# SUPPLIED MATERIAL
****************************************

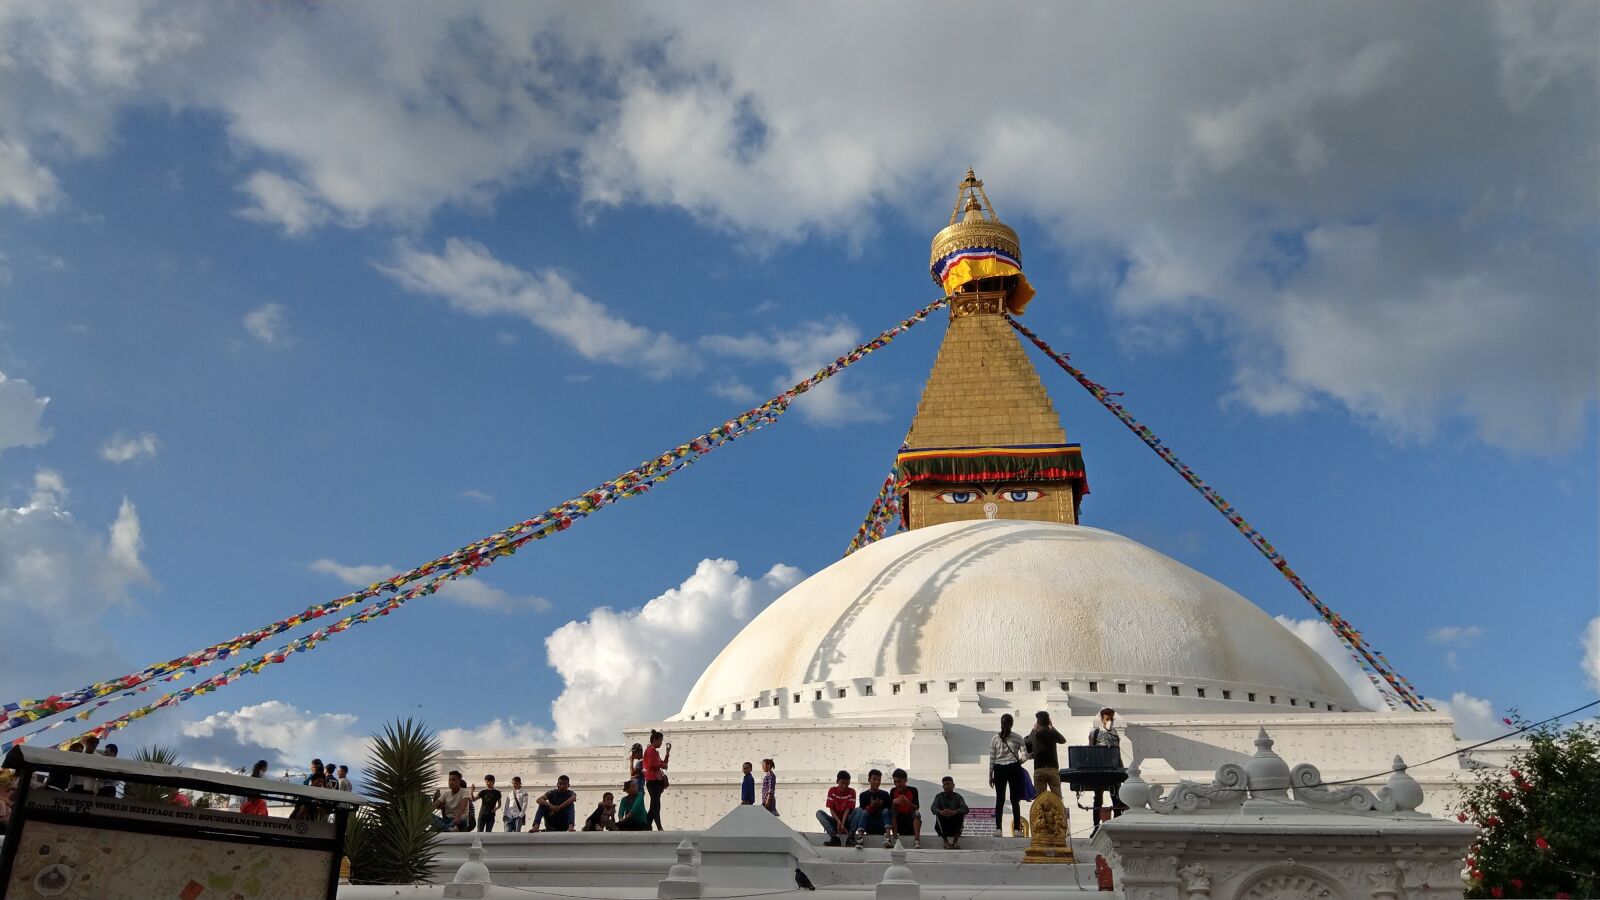 HTC U11 sample photo. Bodnath stupa, nepal, buddhism photography
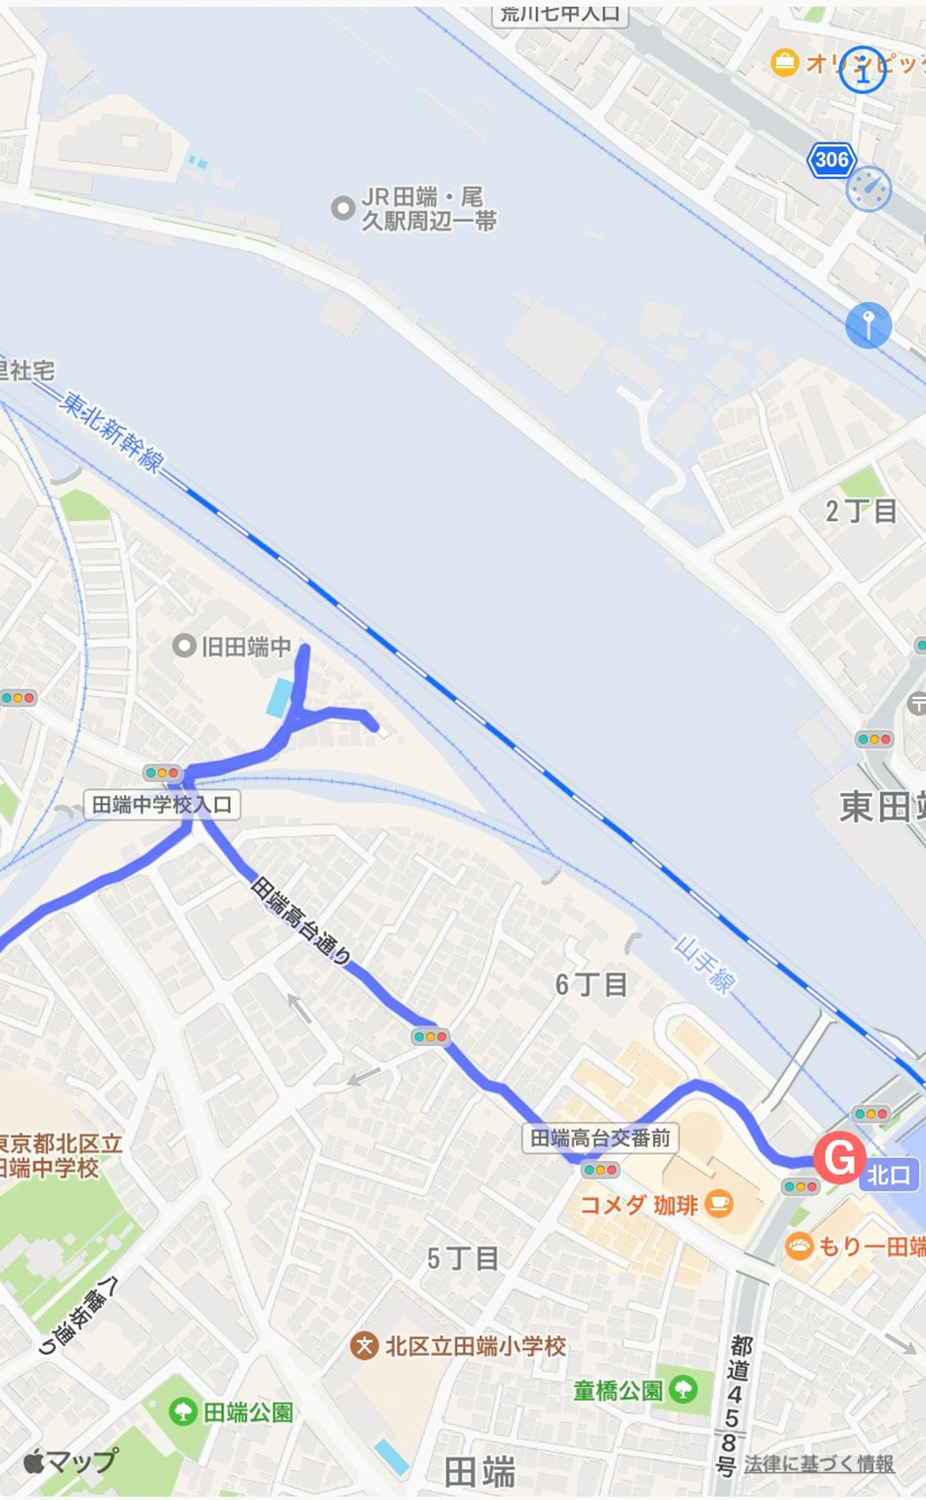 新幹線を見に少し寄り道。東進して田端駅に至る。
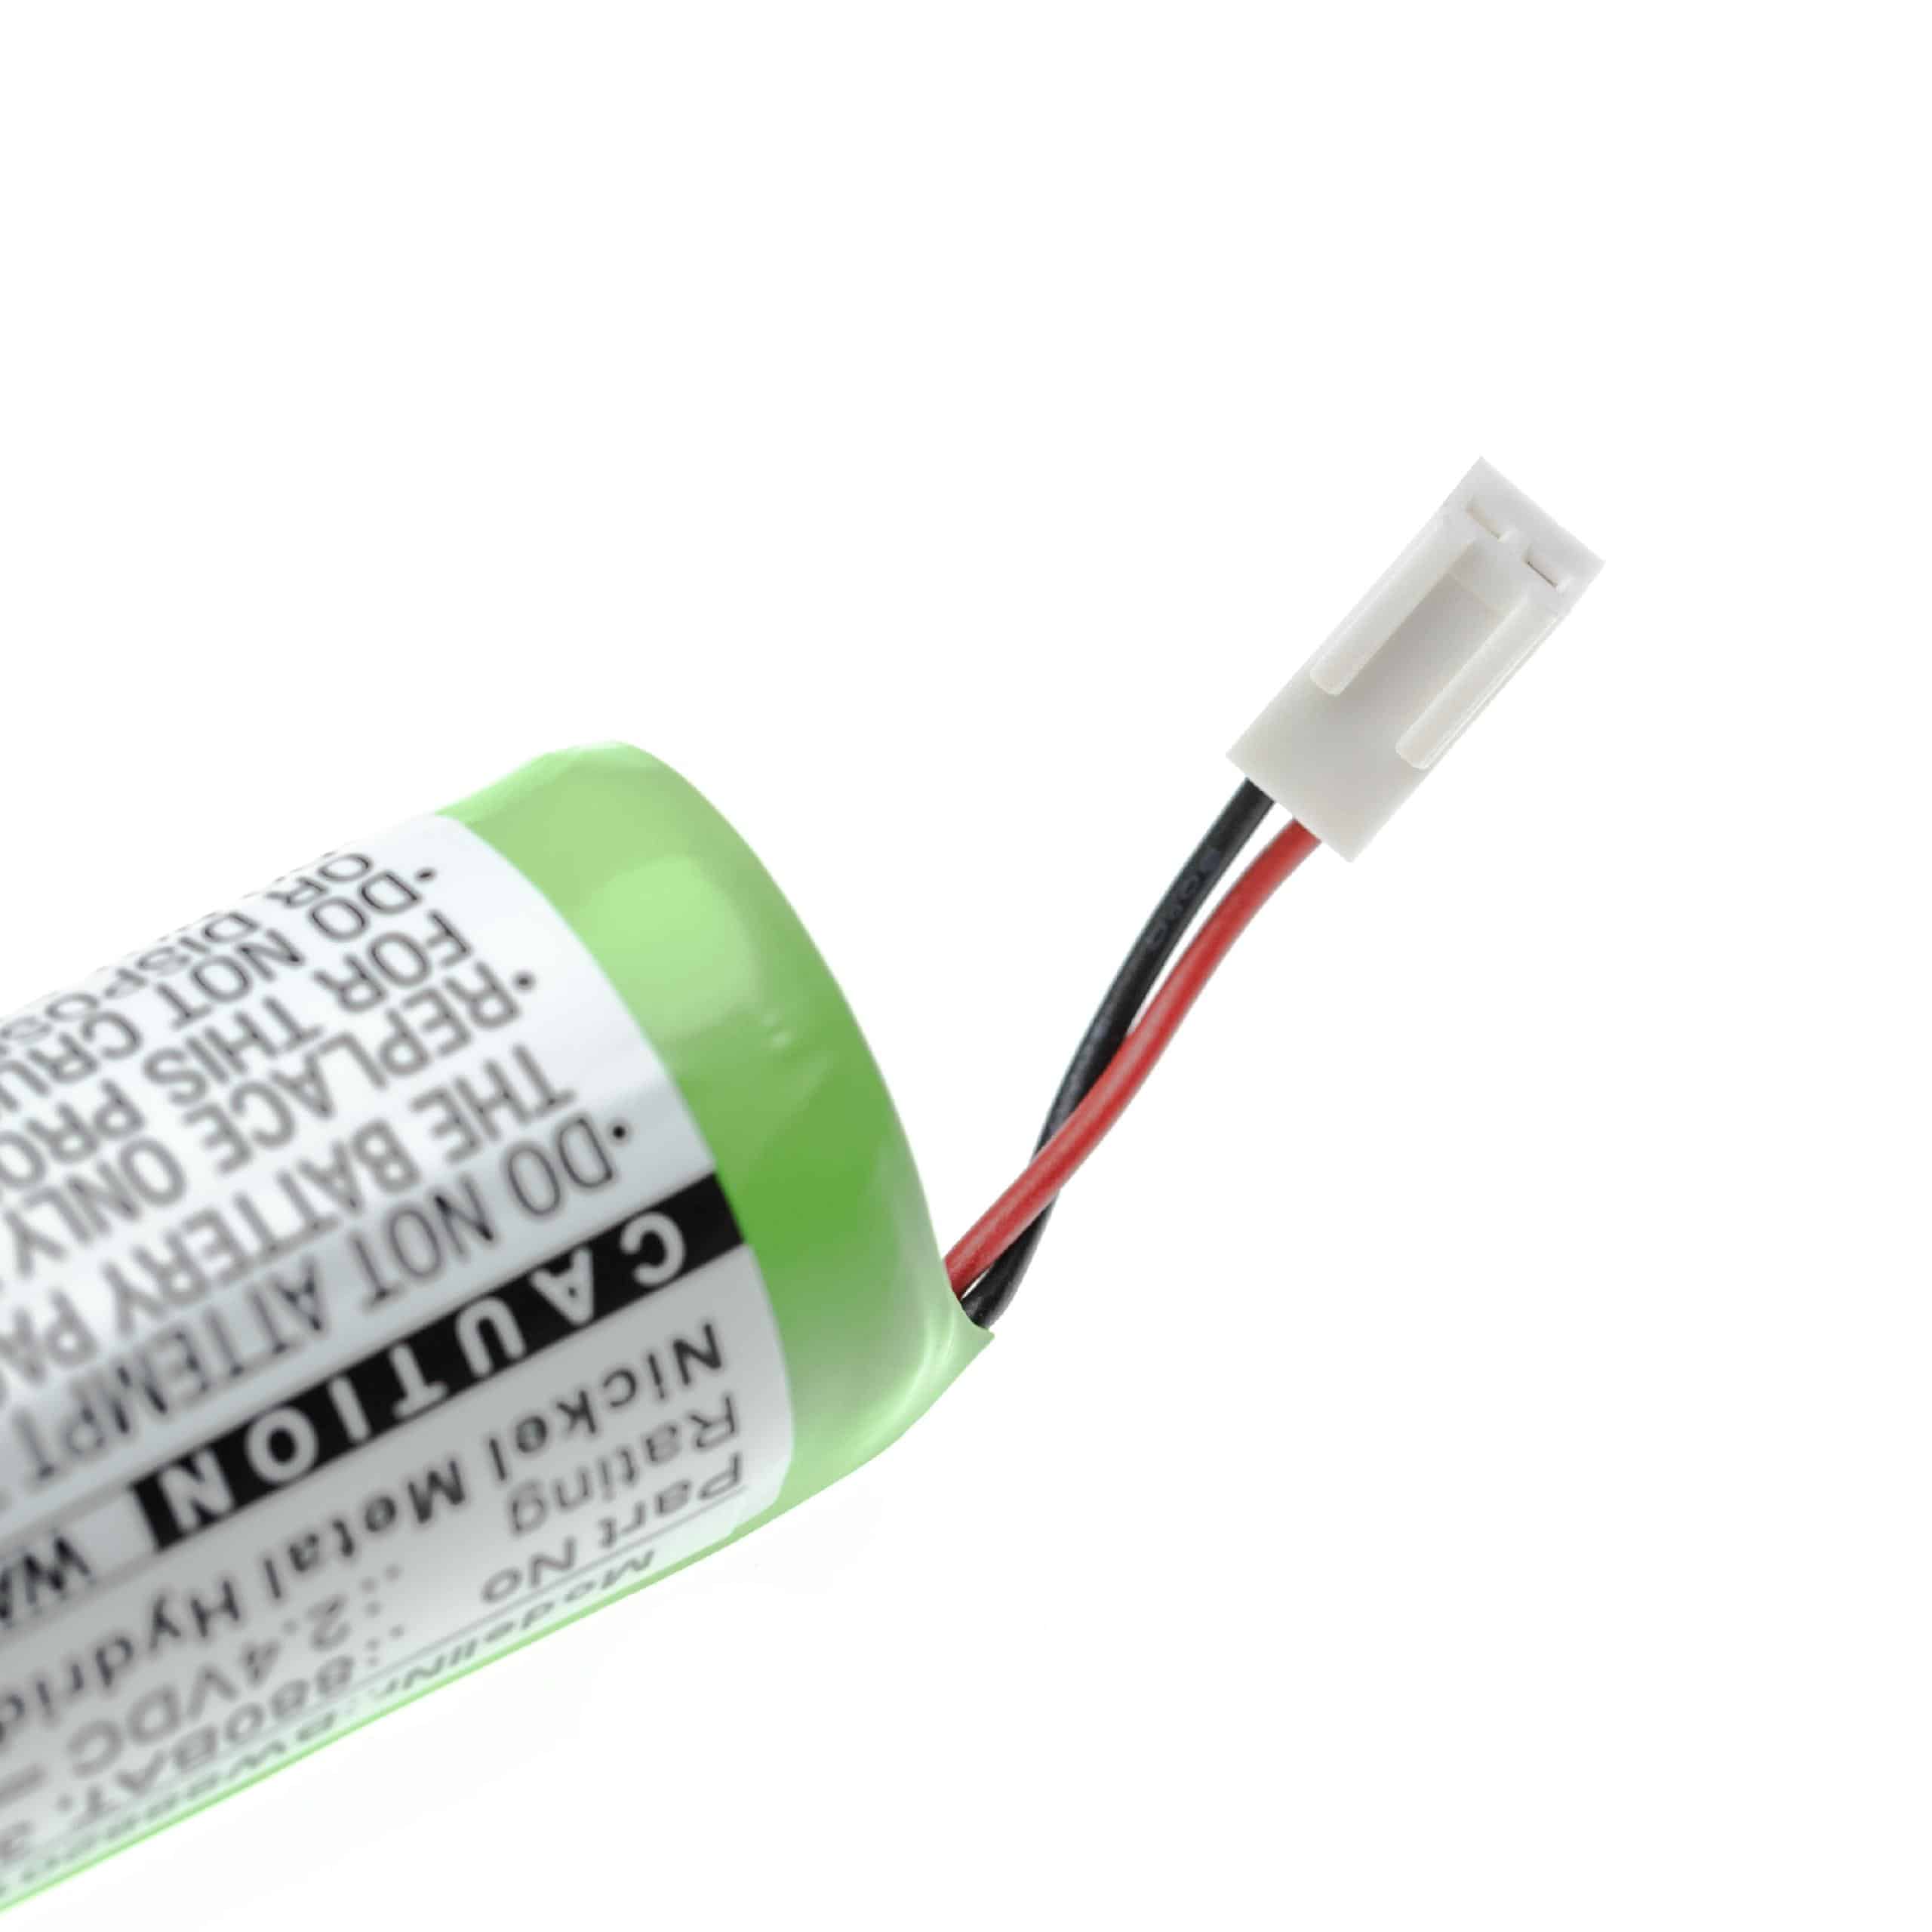 Batterie remplace NOVIPro 3000BAT, 880BAT pour outil de mesure - 3500mAh 2,4V NiMH

****************************************

# WHAT TO DO
Copy the whole listing exactly, excluding the pictures in it.

# ANSWER AREA
 HTC U11 sample photo. Bodnath stupa, nepal, buddhism photography
 新幹線を見に少し寄り道。東進して田端駅に至る。
 Batterie remplace NOVIPro 3000BAT, 880BAT pour outil de mesure - 3500mAh 2,4V NiMH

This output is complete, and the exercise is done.